I have a grey banded doe, she was bred with a mis-mark banded hairless buck.

anyway she gave birth to 10 babies, and the care of them was shared between her and another doe who live together!
The babies were well looked after and grew well, they were about 10 days old with fur and everything when i went up one morning to find carcasses all over the tank, with either a blow to the head or chest, one of the mice had slaughtered every last baby :|

The only thing i could think of was that we had moved the whole family from one tank to another, but that was 4 days before the incident, so surely it wouldn't have been that!

There is absolutly nothing else that had happened that would have caused this, and most other mice i have experienced kill whole litters usually happened in the first 24 hours after birth.

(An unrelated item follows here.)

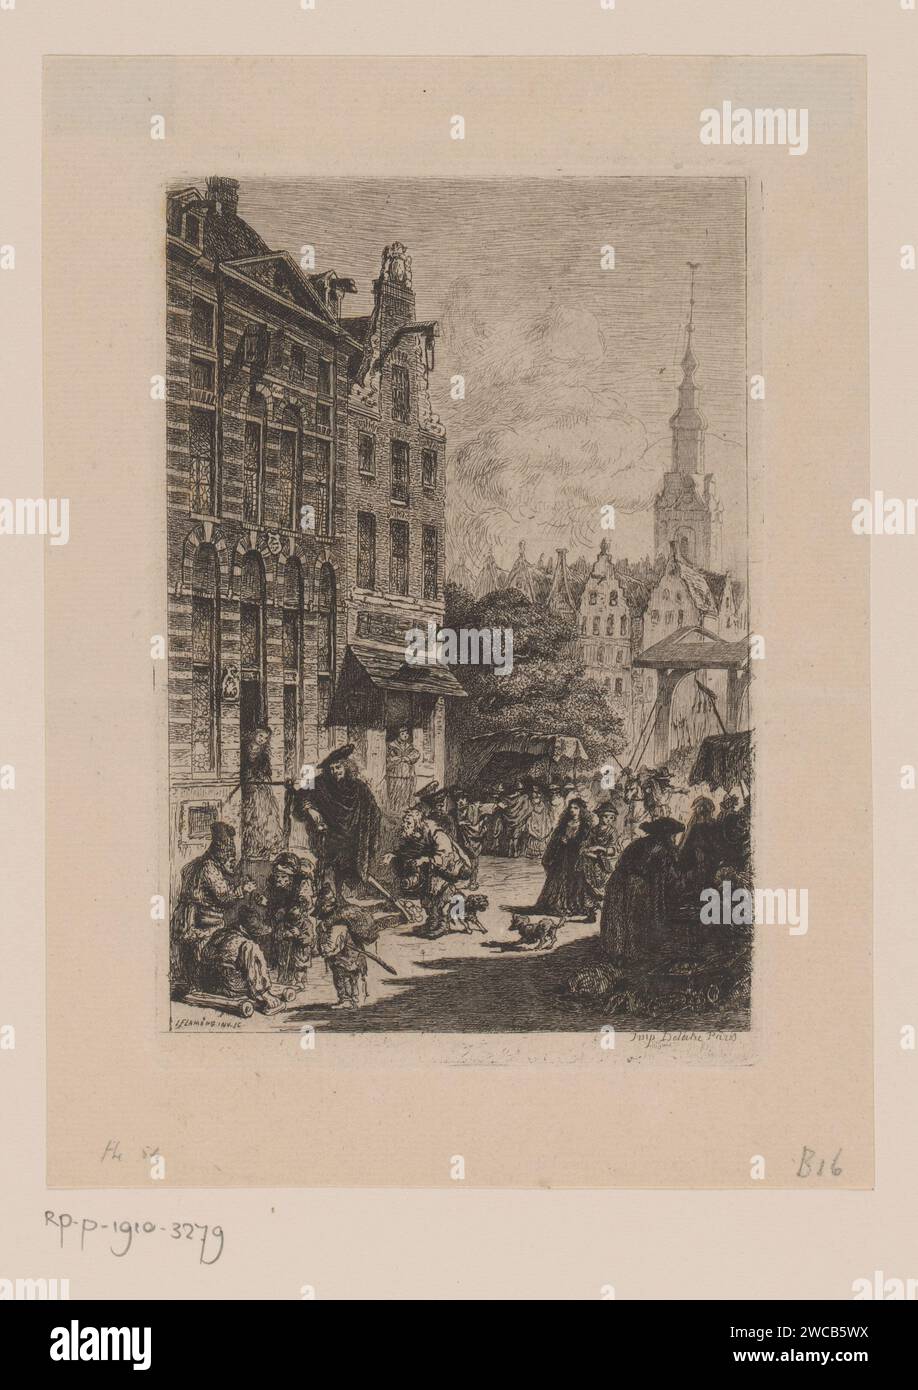 Blick auf Rembrandts Haus im Jodenbreestraat in Amsterdam, 1859 Druck Paris Papier, das das übliche Haus oder die Reihe von Häusern Jodenbreestraat graviert Stockfoto

anyway, i gave her a chance just in case it was by chance and something did trigger it...the cagemate gave birth to 6 babies the night before last, last night i moved 3 babies out to a surrogate mother, so should she strike again, i still have some put aside.
anyway checking on them last night and all 3 mice are taking good care of them, however this was the picture before the incident too so i sharn't get my hopes up, if it happens again though and i catch the criminal they will be culled, i cannot afford to have bad mothers


----------



## Peteyandthegang (Jan 20, 2009)

It could be there was something wrong with the babies
Still I wouldnt have moved a new mum with pups to a new tank, stress can do it

Good luck for this litter


----------



## Velvet_Meece (Apr 20, 2009)

yes i imagine, although i keep my females in groups from 5-10 adults and have never had such a problem, sometimes when a pregnant female goes into labour she may kill one or two other babies before birthing, but i've never experienced culling of a whole little and so far developed either, maybe she is just just a little more nervous than m other mice! its a shame though, i was looking forward to seeing if any where hairless


----------



## Cait (Oct 3, 2008)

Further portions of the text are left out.